Before the ever swelling population,
spreading like an unruly wildfire
in the middle of harmattan,
brought one of its many arms,
it used to be peace made palpable
here where I live.

Voice of a vibrant forest
used to be the exuberant songs
of lives thankful for their share
in nature’s vast garden:
lascivious croaks of prurient frogs
slicing through the night,
nocturnal songs of invisible crickets
and music of jolly song-birds
in the morning all weave into the soul-strumming
voice of a vibrant forest.

Now the soul-strumming voice is getting quiet;
the forest is shrinking and dying.
The callous rush to plant brick and mortar
is obviating the need
to see the wilderness intrinsic to nature remains.
A mother, here, is getting raped, despoiled –
her once rambunctious children are scattered
like leaves into the wind of uncertainty.
Now the soul-strumming voice is getting quiet.

And louder is the cacophony of human activities:
music of sweet song-birds has given way
to aggravative noise of electric generators,
gentle hissing, moaning, of trees and grasses
pleasured by a quickening breeze is now the ranting
of quarreling neighbors,
and different lullabies of night hours
have become electronically amplified
fits of religious madness.
And louder is the cacophony of human activities.

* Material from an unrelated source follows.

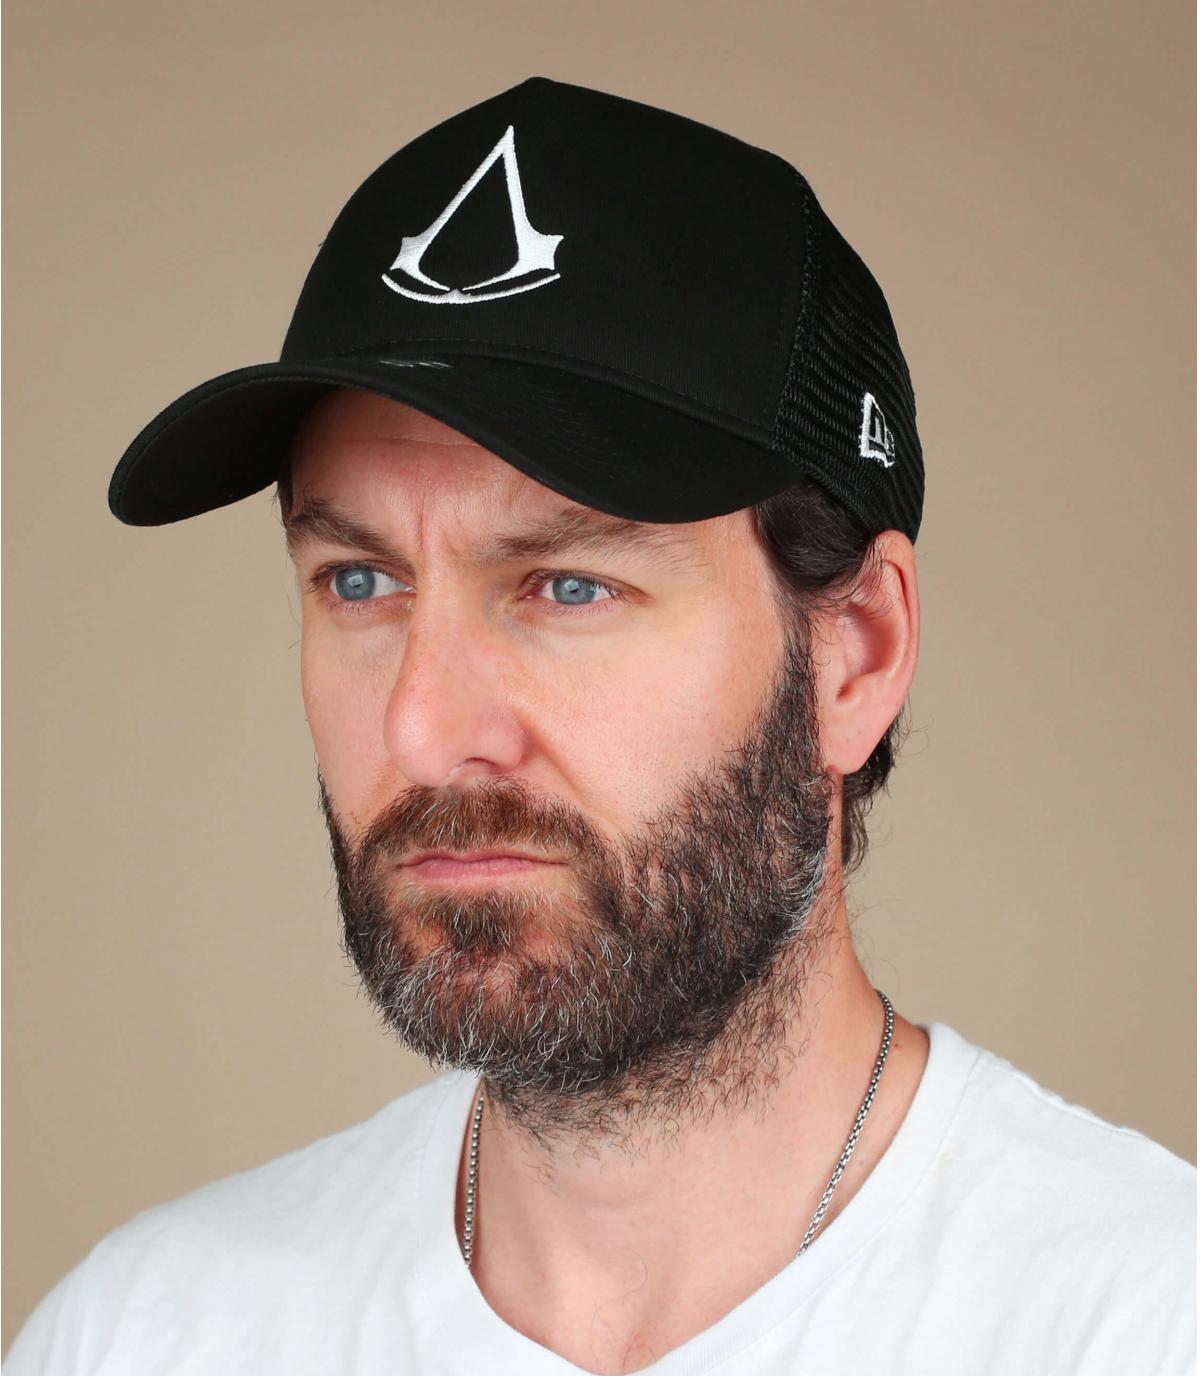 zwarte Assassin's Creed cap

I will abide here no more.
Man has come to usurp peace;
man has come to murder beauty.
Here, man has no respect for what had been
before him and will also be without him –
what he needed that needs him not.
I will abide here no more,
I will abide here no more.





Bello Akeem lives near Lagos, in a valley rapidly changing from green and peaceful to loud and ugly. He is deeply concern about nature and desires to see people begin to treat it with its deserved respect.